A typical patient journey under our nanomedicine program
Patients begin with a molecular–radiologic baseline built from advanced MRI using dual‑mode nano‑contrast, plasma cfDNA and mitochondrial DNA quantification, and disease‑specific genotyping or virulence profiling when indicated. A tumor exhibiting chemoresistance, for example, might be assigned a sorafenib gold nanoconjugate protocol with hyperthermia augmentation where bimetallic nanoprobes both sensitize the lesion and allow intra‑procedural monitoring. In parallel, liver‑function trends and inflammatory indices are tracked. If decompensation risk emerges, we layer in hepatic progenitor cell support or implant a bioengineered auxiliary graft for bridging, then de‑escalate once parenchymal recovery is evident. In neural care, we assess BBB permeability surrogates and transporter signatures to select a BBB‑crossing nanocarrier, optionally combining it with magnetically guided NSCs; intra‑patient parameters such as heat‑shock responses influence release‑profile settings and cooling adjuncts. The plan adapts at predefined checkpoints based on imaging signal changes, cfDNA kinetics, and biomarker panels, with safety gates triggered by endothelial injury markers in the ICU setting.
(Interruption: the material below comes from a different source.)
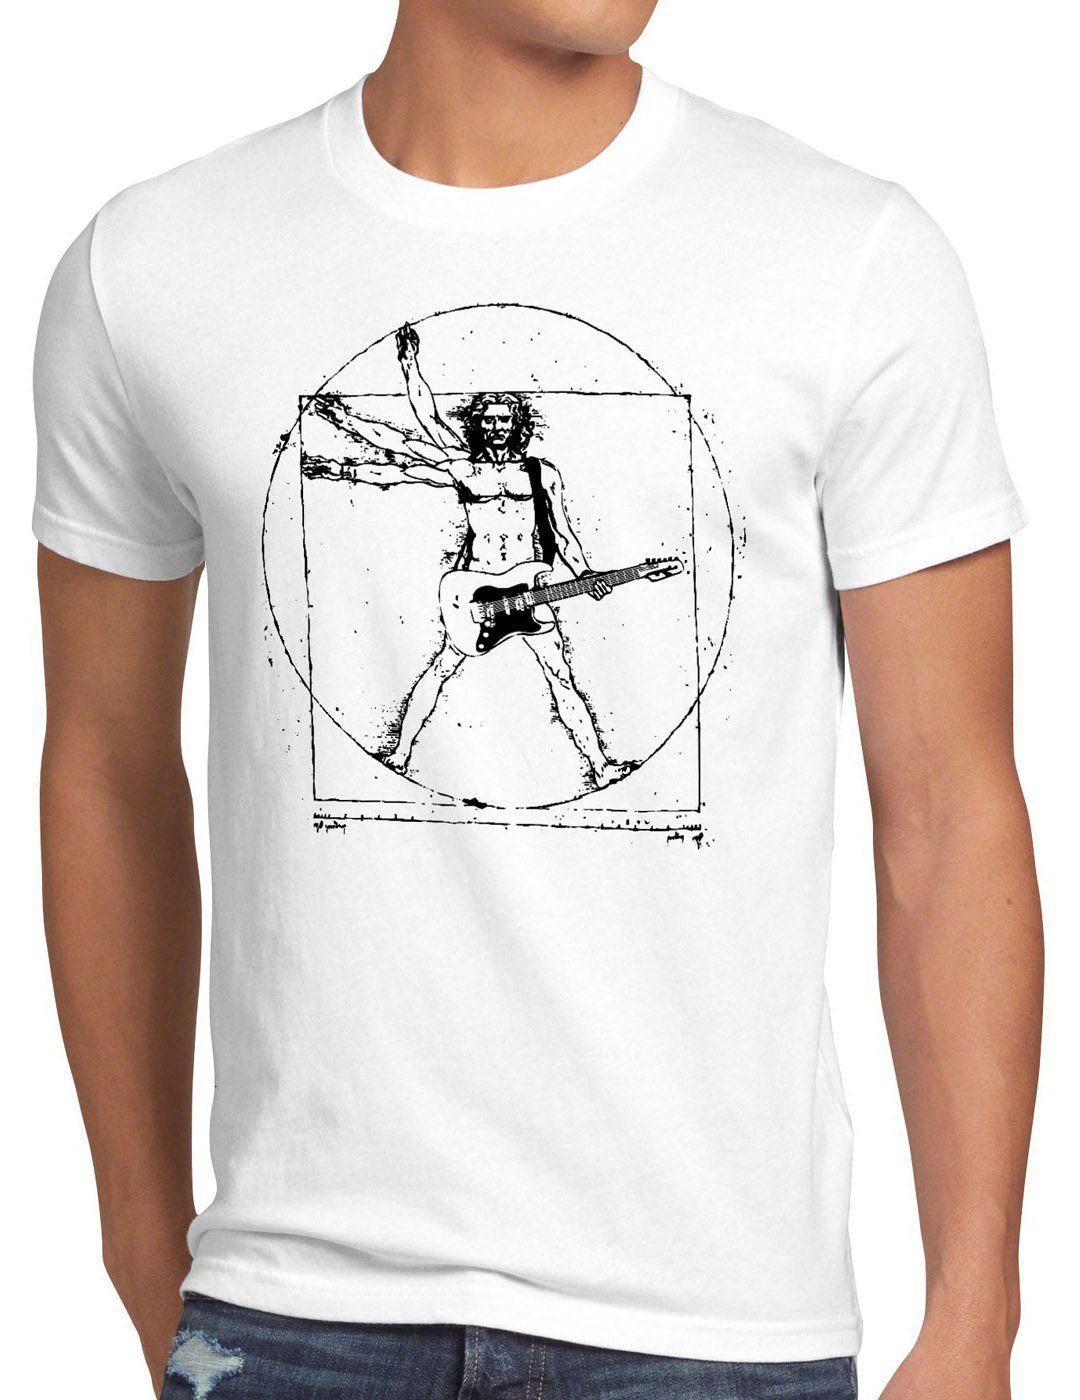 style3 Print-Shirt Herren T-Shirt Da Vinci Rock T-Shirt musik festival gitarre vinyl metal open air wacken mensch weiß

What sets our treatment specialization apart
Our nanomedicine is not a stand‑alone experiment; it is embedded in a mature translational framework that has already delivered clinical hepatocyte and progenitor cell therapies, including peritoneal and intra‑arterial routes, and demonstrated in‑vivo support with bioengineered humanized livers. Add to this our validated nano‑contrast agents for MRI, drug‑nanoconjugates that overcome resistance, magnetic homing strategies, and rapid molecular assays, and you have a continuum capable of diagnosing, treating, and adaptively managing complex hepatic and neural diseases with precision. This depth materials to molecules to mechanisms to medicine is the essence of CLRD’s capability in both diagnosis and treatment.